- Opening Delimiter -

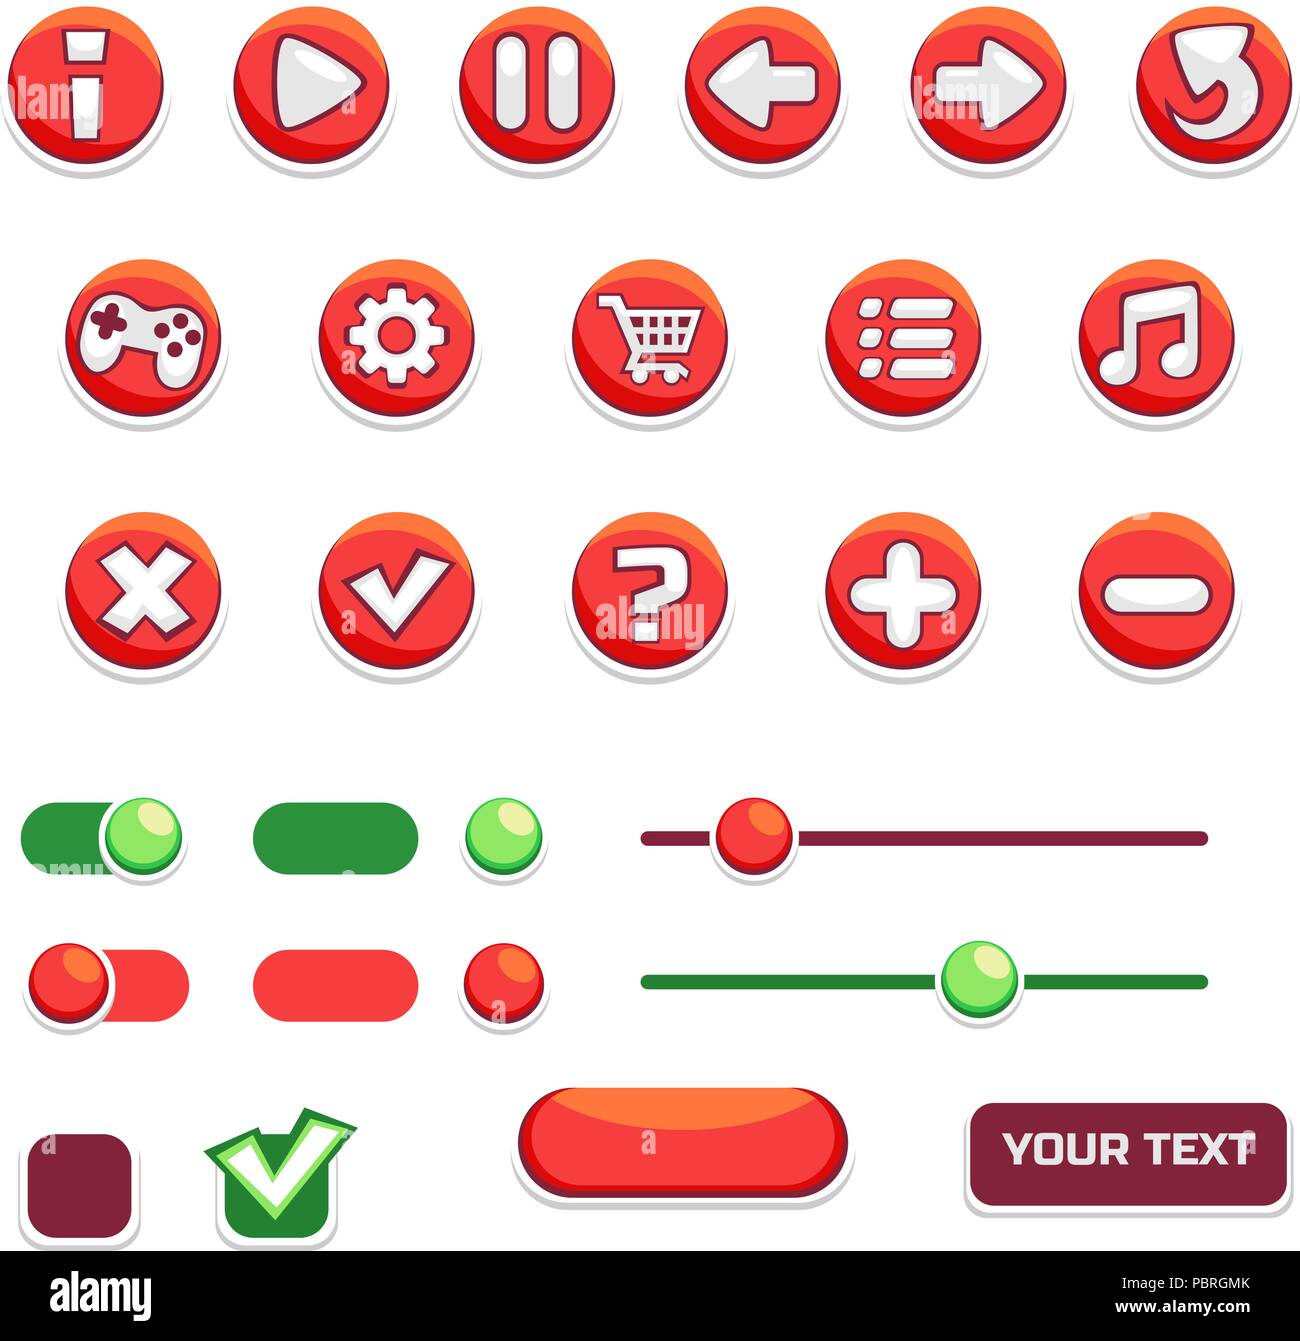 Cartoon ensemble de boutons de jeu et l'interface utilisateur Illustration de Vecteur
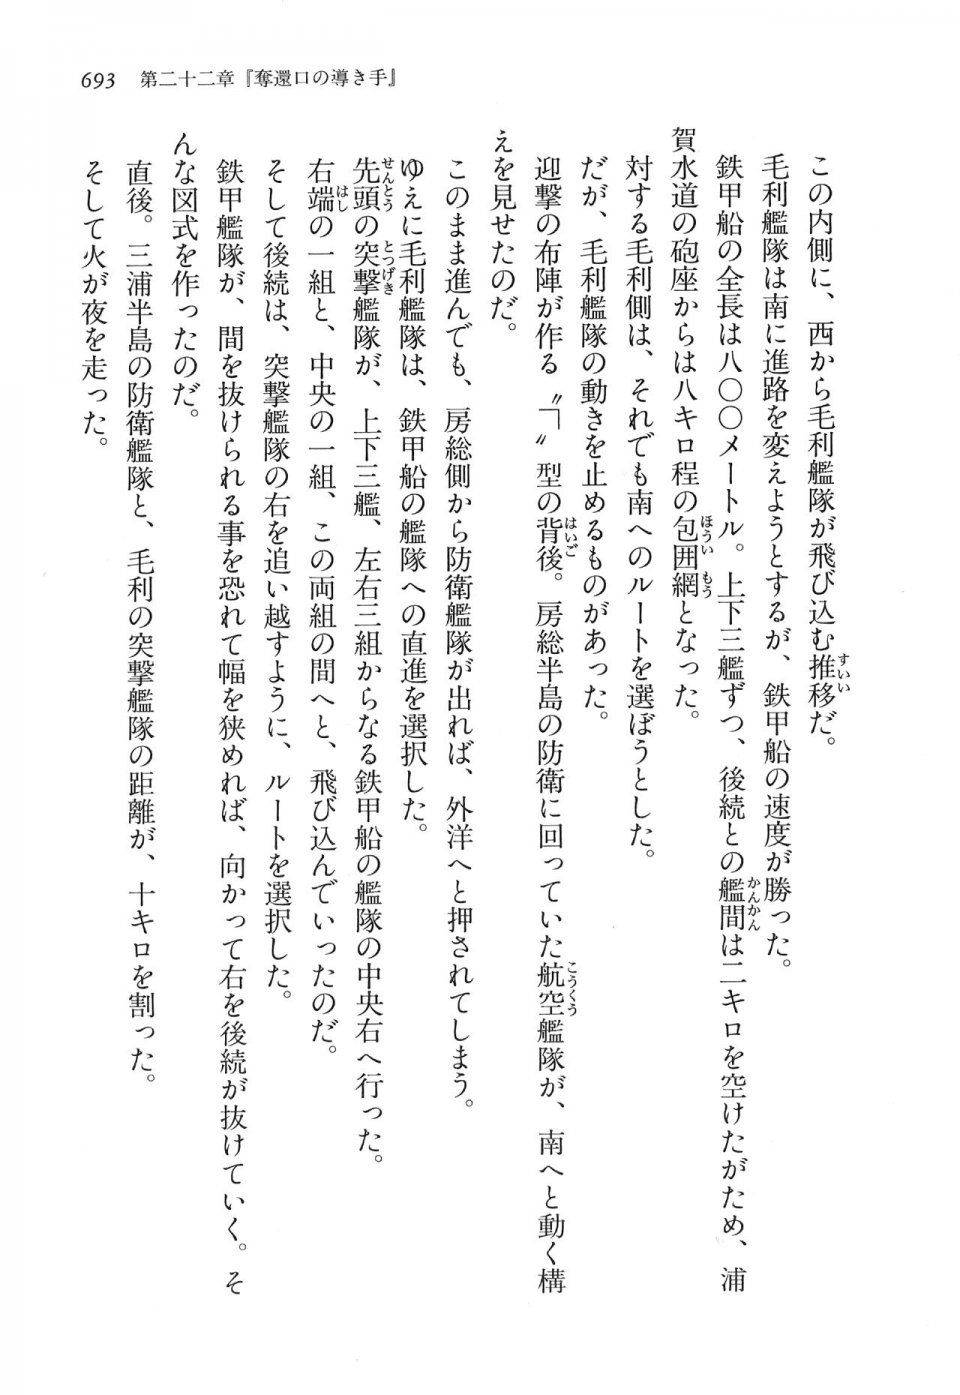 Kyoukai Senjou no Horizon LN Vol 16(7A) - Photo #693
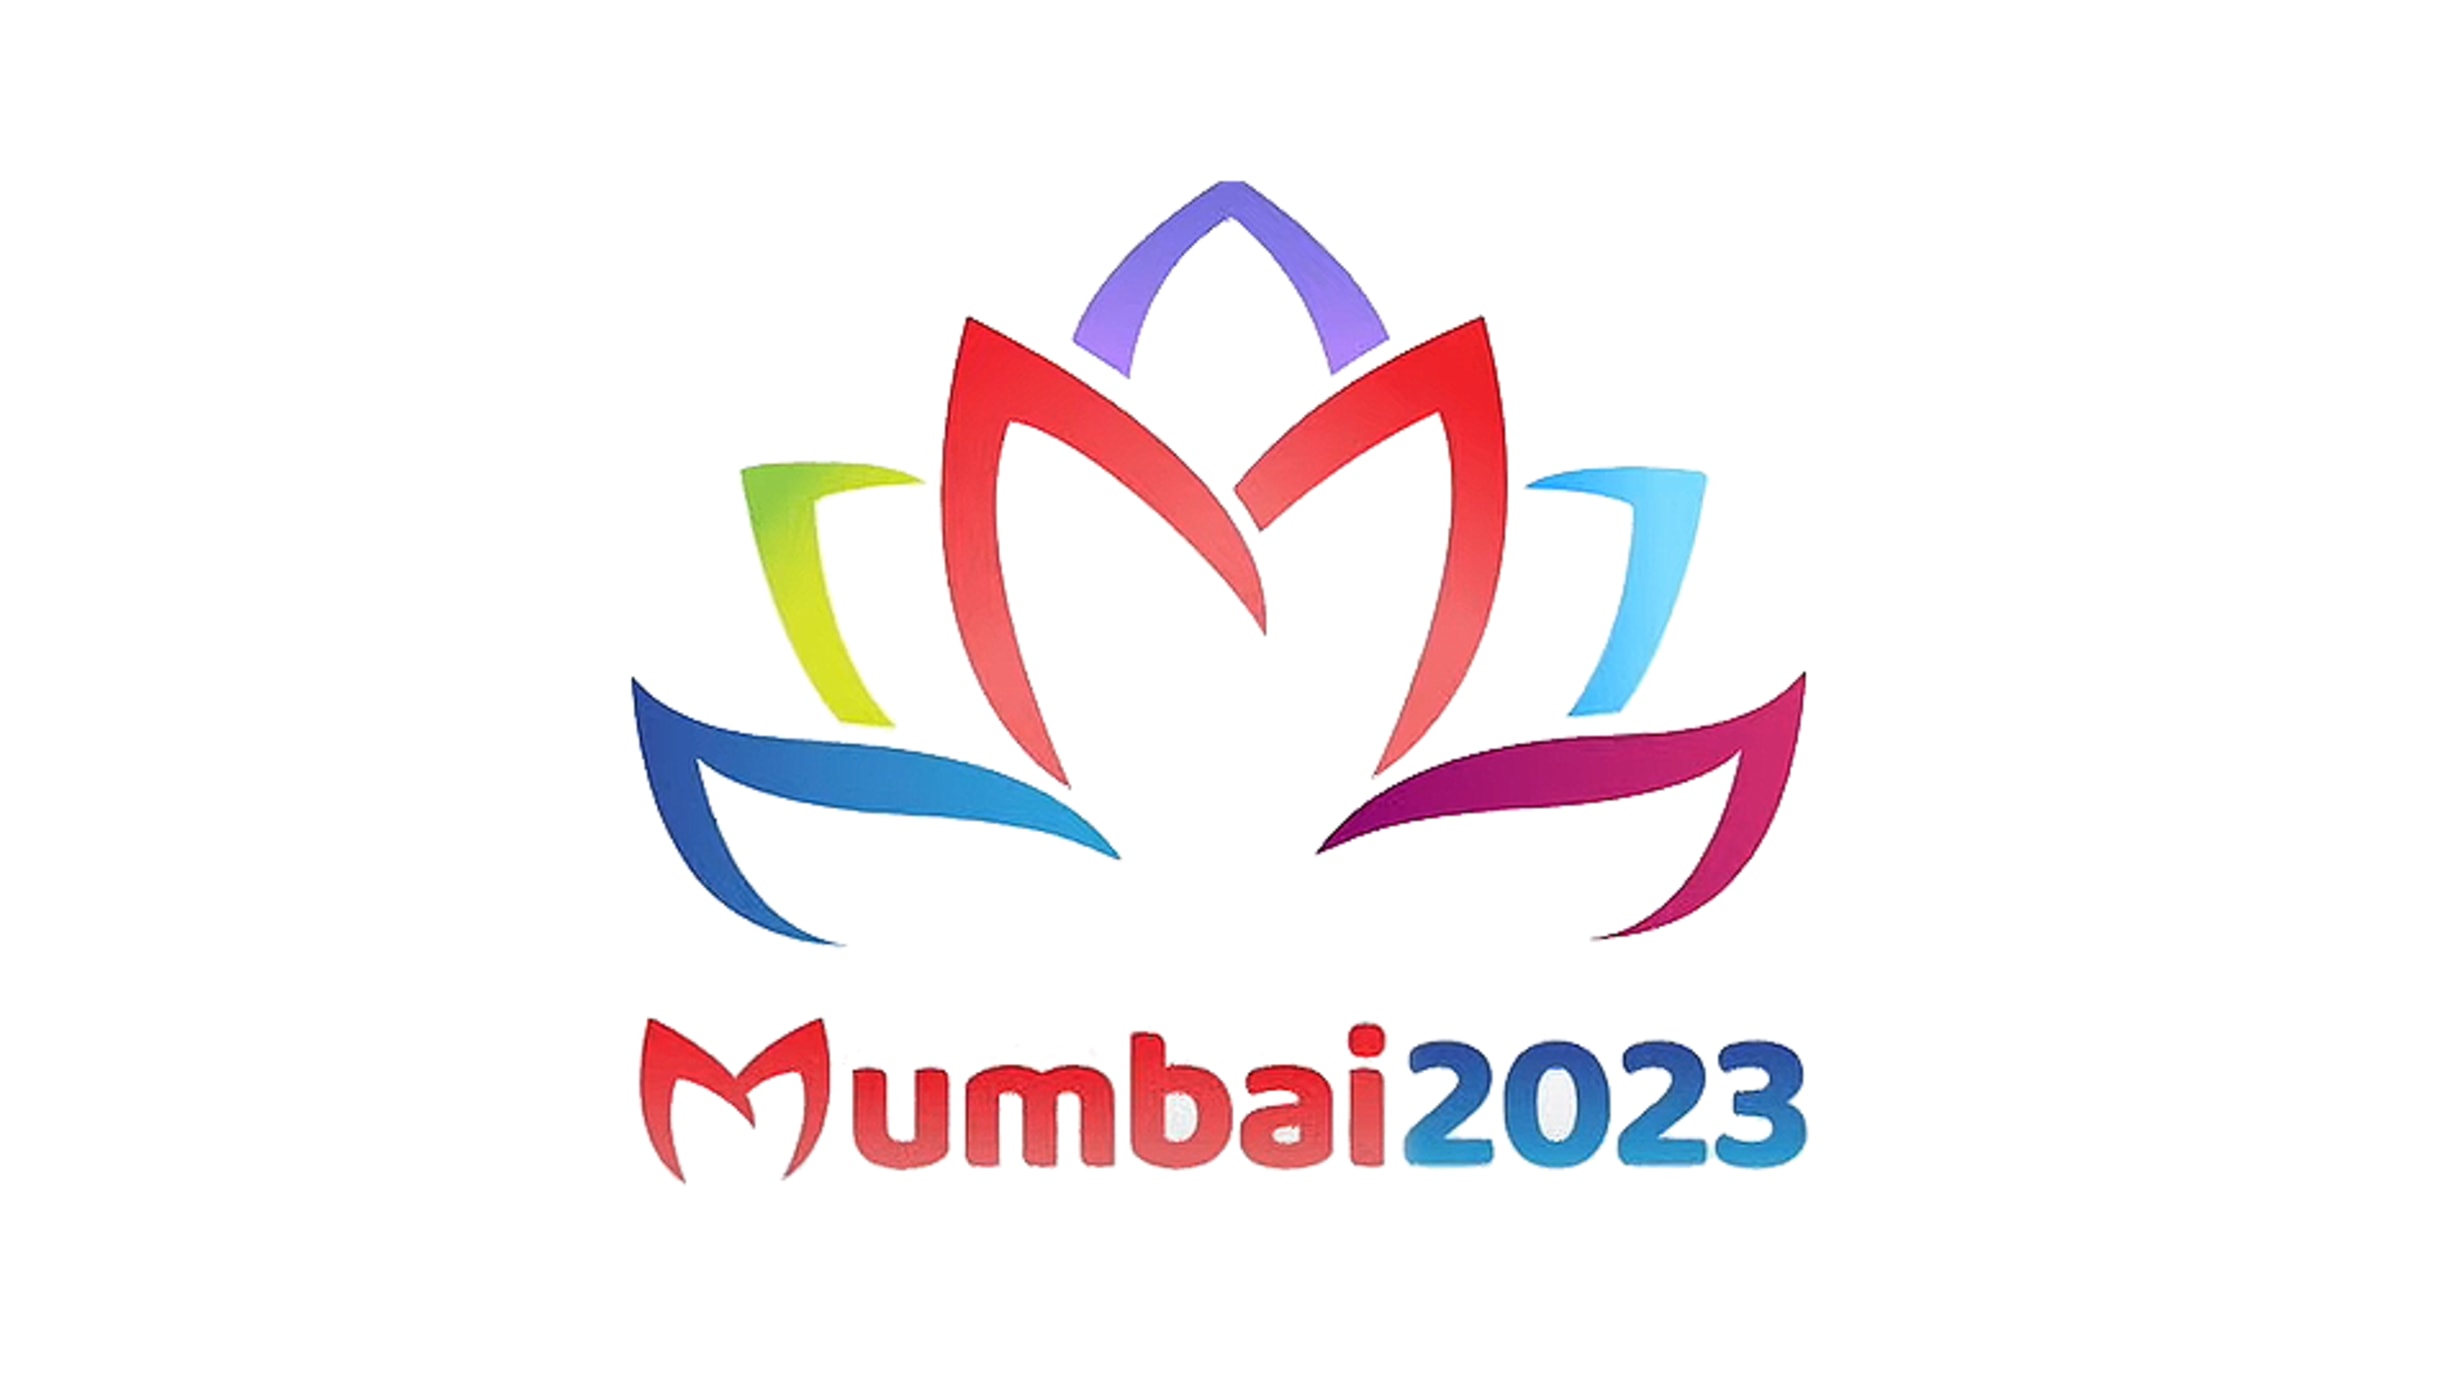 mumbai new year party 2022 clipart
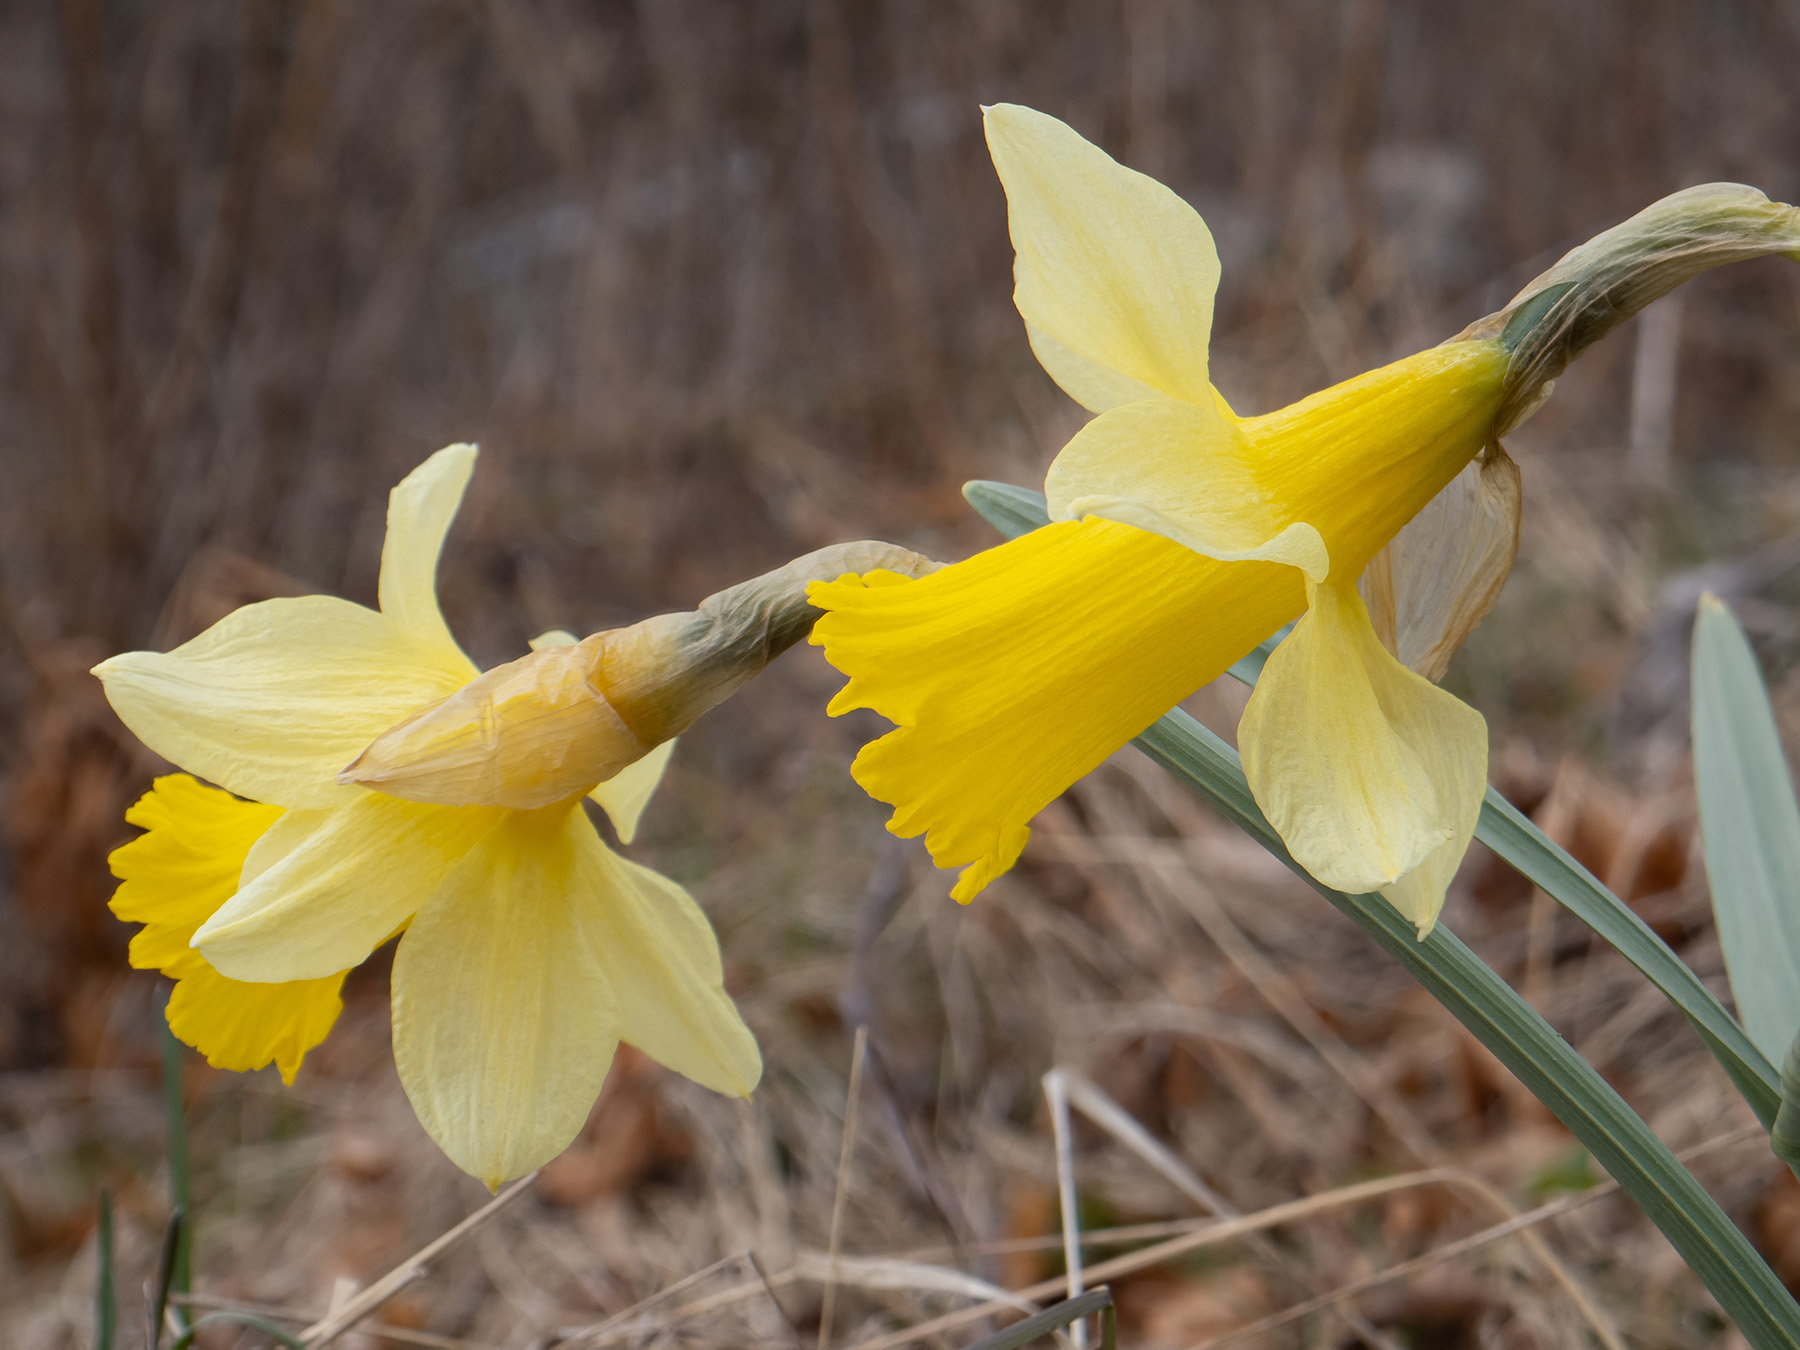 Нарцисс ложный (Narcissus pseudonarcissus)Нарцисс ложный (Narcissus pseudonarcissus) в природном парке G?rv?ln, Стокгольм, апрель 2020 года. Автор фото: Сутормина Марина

- Closing Delimiter -

• Problem details:
For this exercise, write out the listing verbatim and leave every image out.

• Response:
 Cartoon ensemble de boutons de jeu et l'interface utilisateur Illustration de Vecteur
 Kyoukai Senjou no Horizon LN Vol 16(7A) - Photo #693
 mumbai new year party 2022 clipart
 Нарцисс ложный (Narcissus pseudonarcissus)Нарцисс ложный (Narcissus pseudonarcissus) в природном парке G?rv?ln, Стокгольм, апрель 2020 года. Автор фото: Сутормина Марина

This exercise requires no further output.